Venerabili confratelli nell’Episcopato e nel Sacerdozio,
Eminenti Autorità,
Cari pellegrini, fratelli e sorelle, in Cristo.

“Degni del cielo”

In Storia di un’anima, Teresa scriveva : Ah, perdonami, Gesù, se sragiono volendo ridire i miei desideri, le mie speranze che si dilatano all’infinito ! Perdonami e risana la mia anima donandole ciò che spera ! … (Ms B, 2v°). Gesù ha sempre esaudito i desideri di Teresa ; anche quello che aveva confidato in una lettera al Reverendo Bellière, e che molti conoscono ormai a memoria : Il buon Dio mi ha dato un padre ed una madre più degni del Cielo che della terra (LT 261).

Ho appena terminato il Rito di Beatificazione con il quale il Santo Padre ha iscritto, congiuntamente, nel Libro dei Beati questi due coniugi. Si tratta di una prima un’importante la Beatificazione di Luigi Martin e Zelia Guérin che Teresa definiva genitori senza pari, degni del Cielo, terra santa e come tutta impregnata di profumo virginale.
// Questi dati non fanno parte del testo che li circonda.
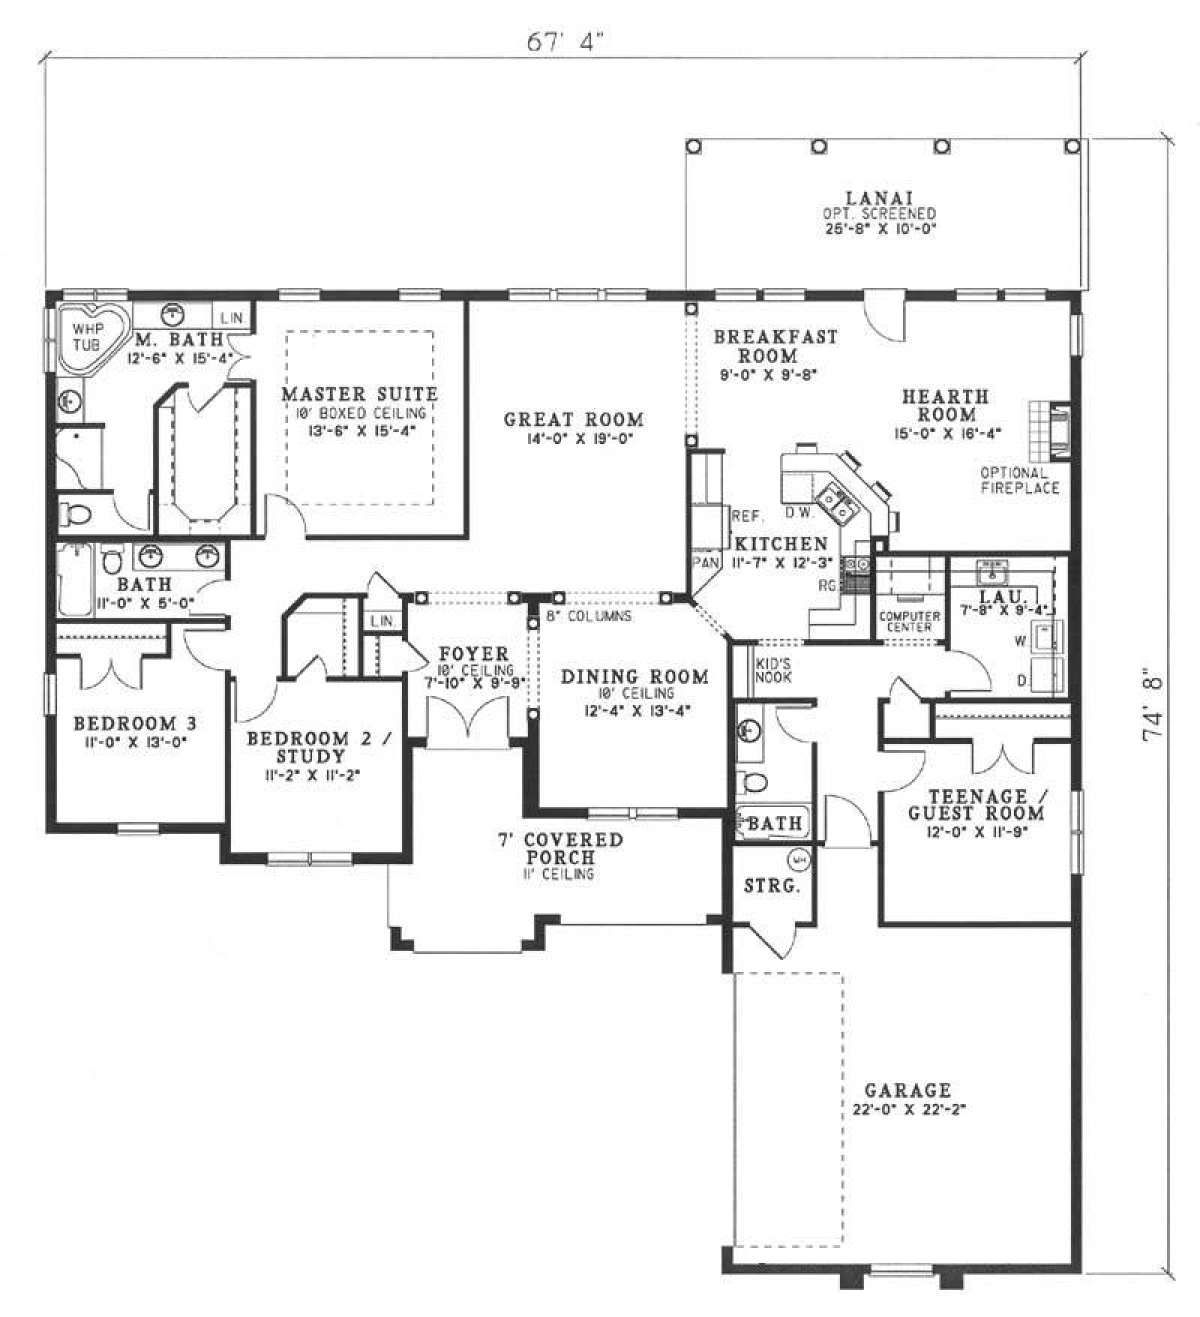 House Plan 110 00413 Florida Plan 2 501 Square Feet 4 Bedrooms 3 Bathrooms In 2020 Traditional House Plans 5 Bedroom House Plans Floor Plans

Il mio cuore rende grazie a Dio per questa esemplare testimonianza di amore coniugale, capace di stimolare le famiglie cristiane nella pratica integrale delle virtù cristiane come ha stimolato Teresa.

Mentre leggevo la Lettera Apostolica del Santo Padre, ho pensato a mio padre e a mia madre e vorrei, in questo momento, che anche voi pensiate al vostro papà ed alla vostra mamma ; insieme poi ringraziamo Dio per AVERCI CREATI e FATTI CRISTIANI attraverso l’amore coniugale dei nostri genitori. Se aver ricevuto la vita è una fatto meravigliosa, per noi cristiani è ancora più lodevole che i nostri genitori ci abbiano introdotti nella Chiesa, la sola capace di farci cristiani. Nessuno infatti può farsi cristiano per conto suo.

Figli della terra di Normandia, un dono per tutti

Tra le vocazioni a cui gli uomini sono chiamati dalla Provvidenza, il matrimonio è uno dei più nobili e dei più elevati. Luigi e Zelia hanno capito che potevano diventare santi non malgrado il matrimonio, ma attraverso e con il matrimonio, e che lo stesso matrimonio doveva essere considerato come il punto di partenza di una salita a due. Oggi la Chiesa non ammira soltanto la santità di questi figli della terra di Normandia, un dono per tutti, ma si riflette in questa coppia di Beati che contribuiscono a rendere più splendido e bello l’abito nuziale della Chiesa. Non ammira solamente la santità della loro vita, ma riconosce in questa coppia la santità eminente dell’istituzione dell’amore coniugale, come è stato concepito dal Creatore stesso. L’amore coniugale di Luigi e Zelia è un puro riverbero dell’amore di Cristo per la sua Chiesa, ma è anche un puro riverbero dell’amore rispledente, senza macchia, nè ruga, o alcunché di simile, ma santo e immacolato (Ep 5,27) del modo con cui la Chiesa ama Cristo, il suo Sposo. Il Padre ci ha scelti prima della creazione del mondo, per essere santi e immacolati al suo cospetto nell’amore (Ef 1,4).

“Solo i violenti si impadroniscono del regno”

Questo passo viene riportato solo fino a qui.